SUPPLIED MATERIAL:
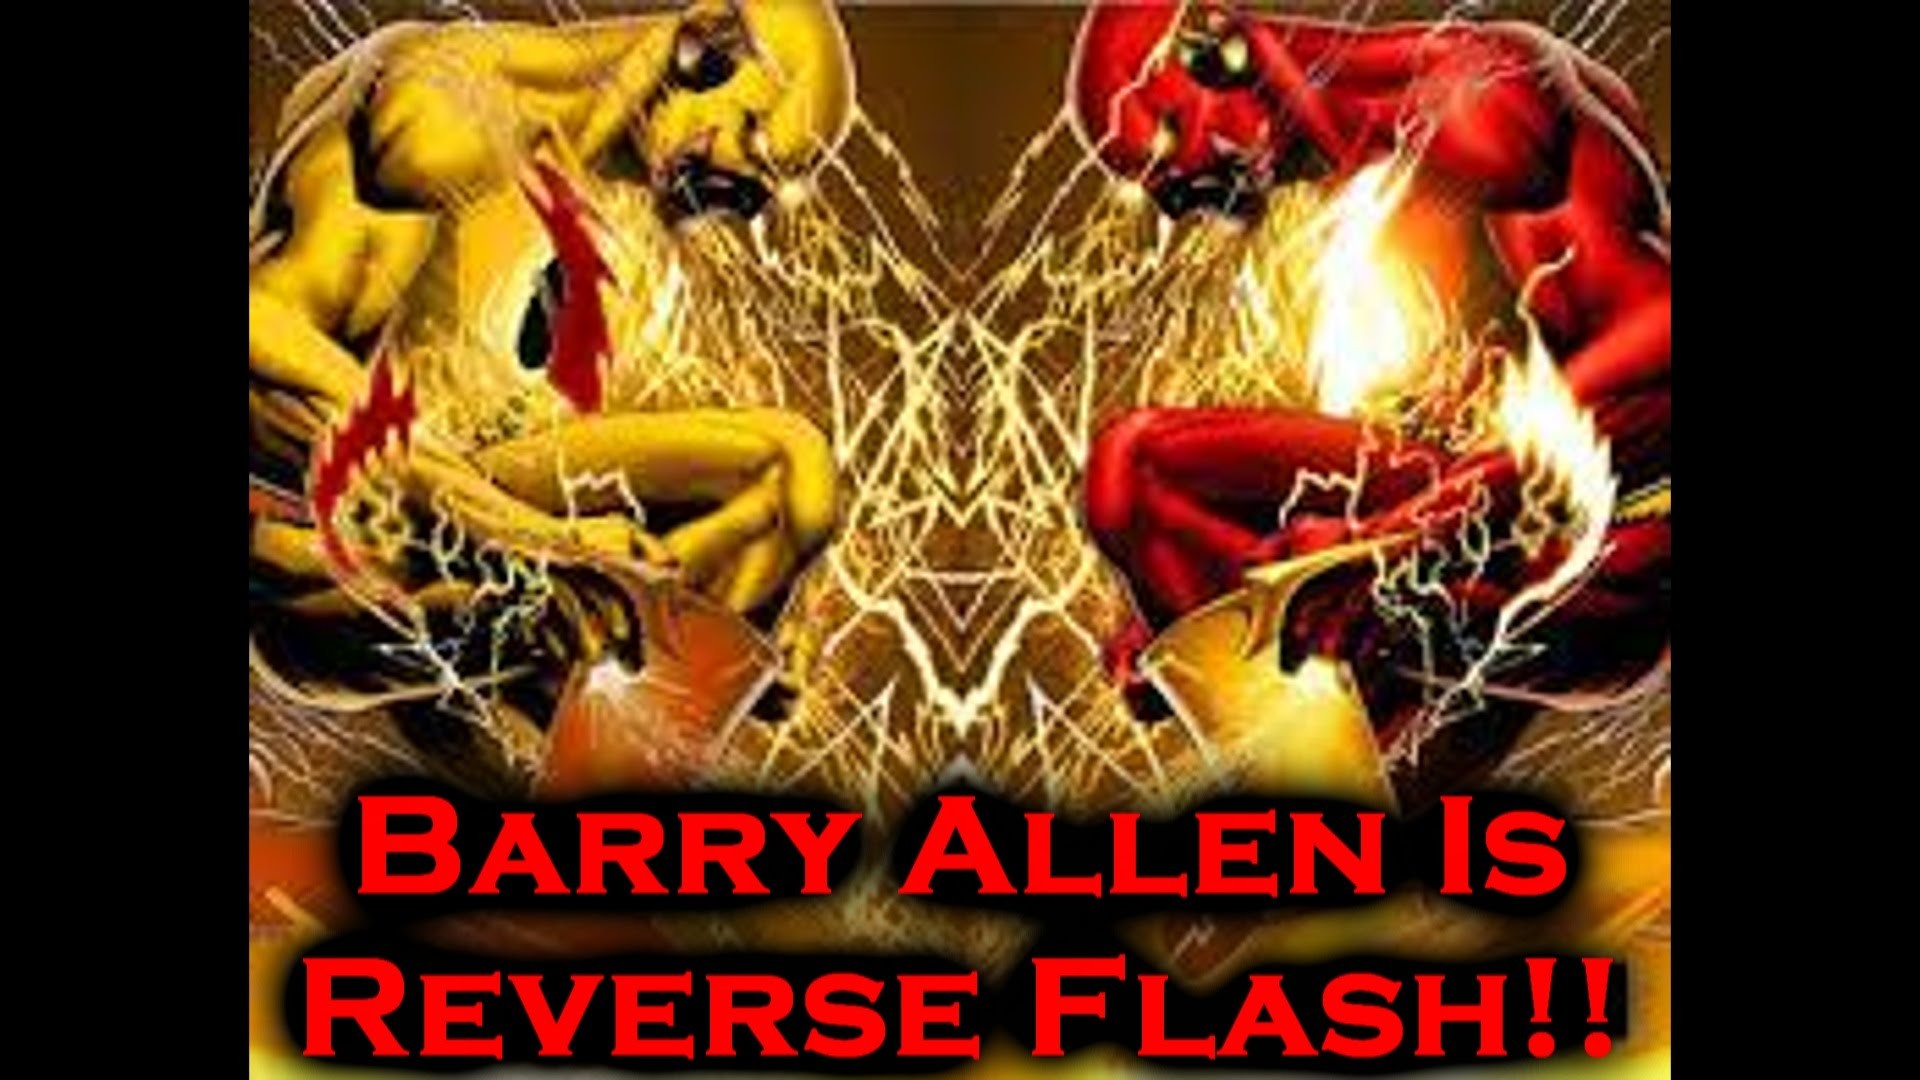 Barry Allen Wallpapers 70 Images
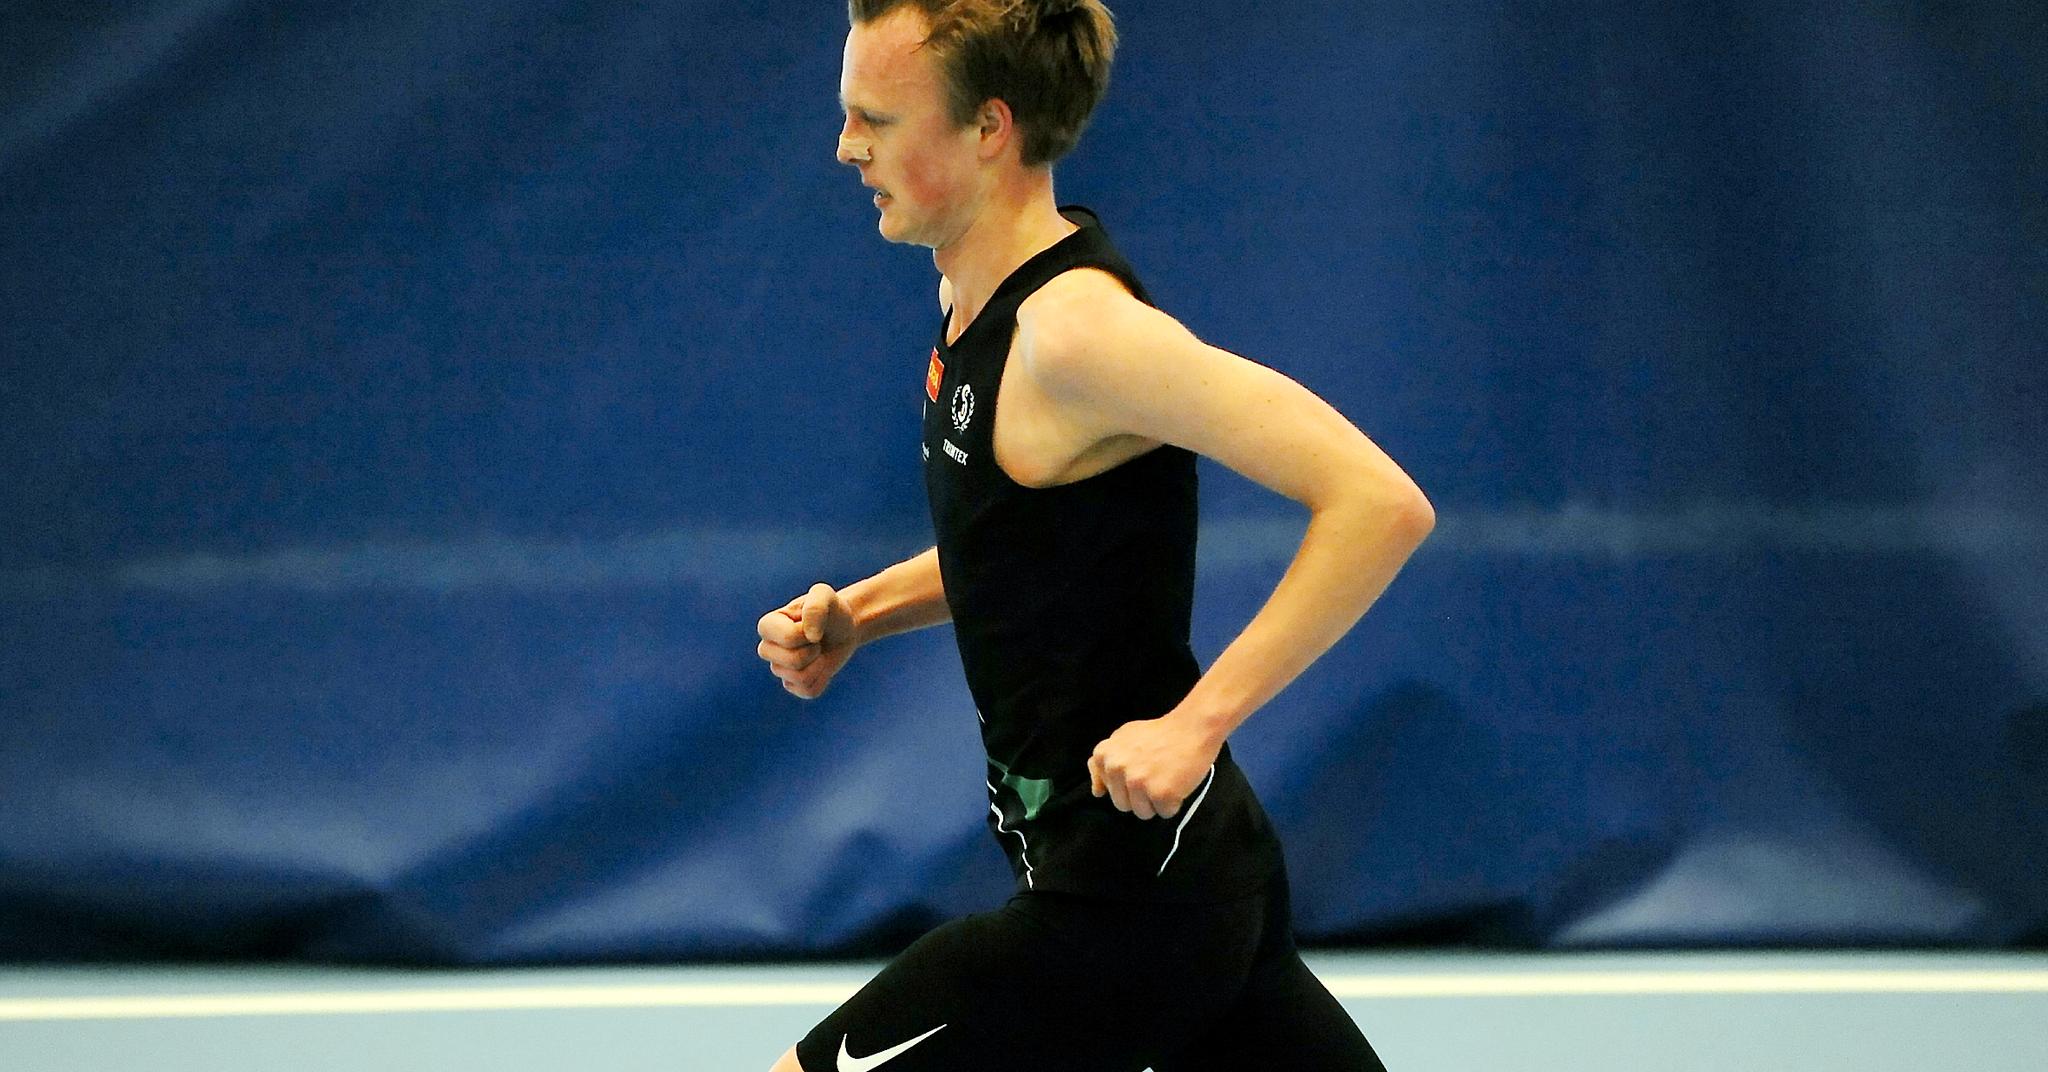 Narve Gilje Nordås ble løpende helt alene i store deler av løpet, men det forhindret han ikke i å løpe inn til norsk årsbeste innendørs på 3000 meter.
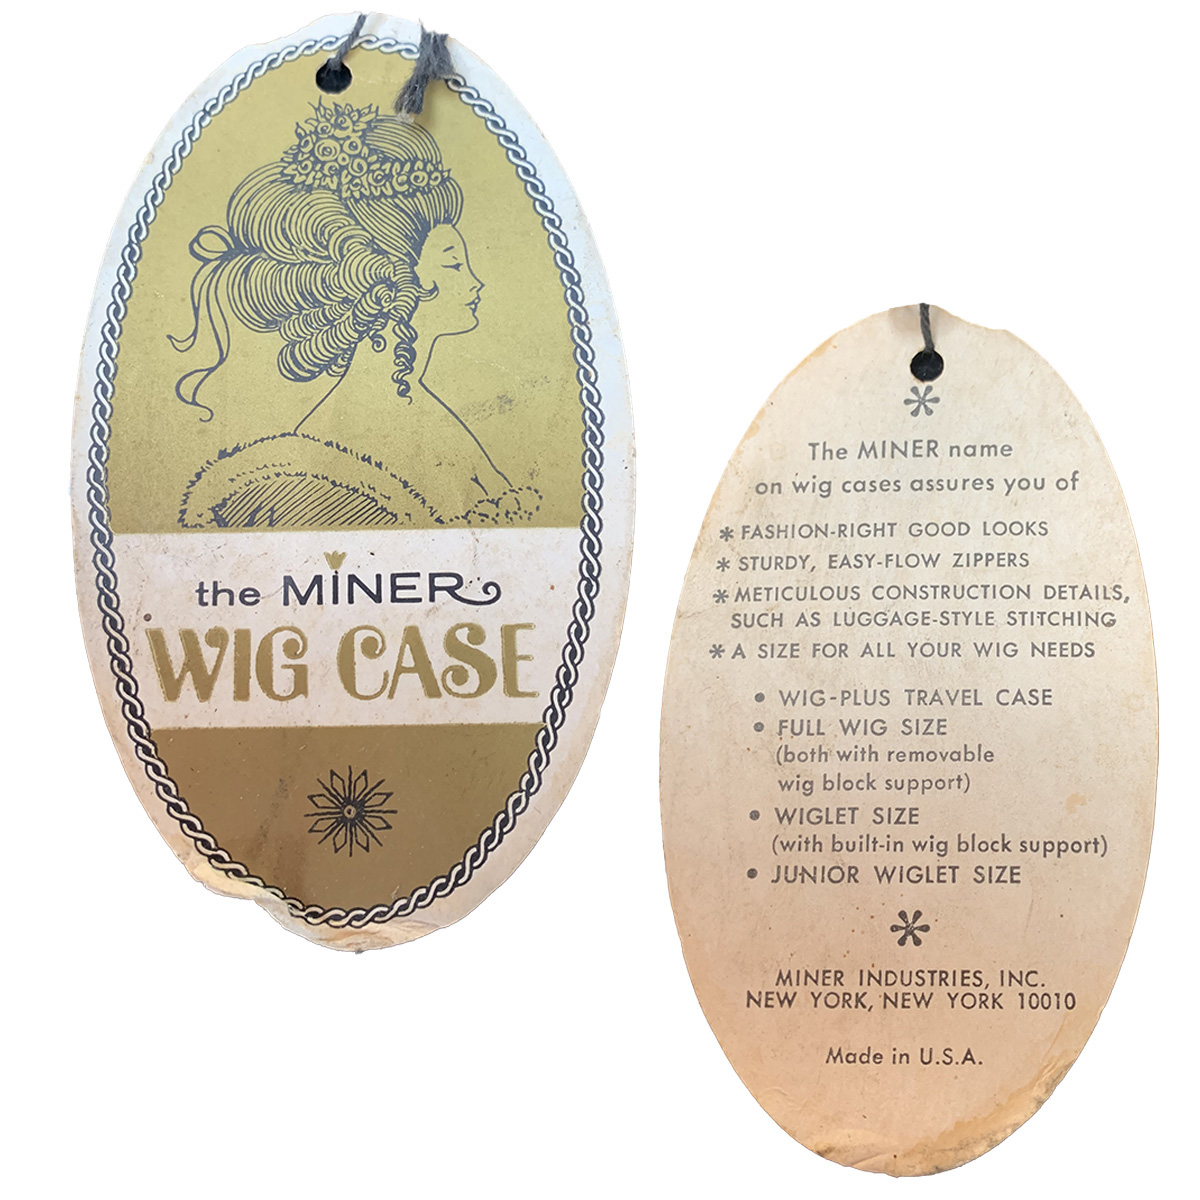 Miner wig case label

YOUR INSTRUCTIONS:
Copy the material above word for word, images excluded.

PROBLEM SOLUTION:
 Barry Allen Wallpapers 70 Images
 Narve Gilje Nordås ble løpende helt alene i store deler av løpet, men det forhindret han ikke i å løpe inn til norsk årsbeste innendørs på 3000 meter.
 Miner wig case label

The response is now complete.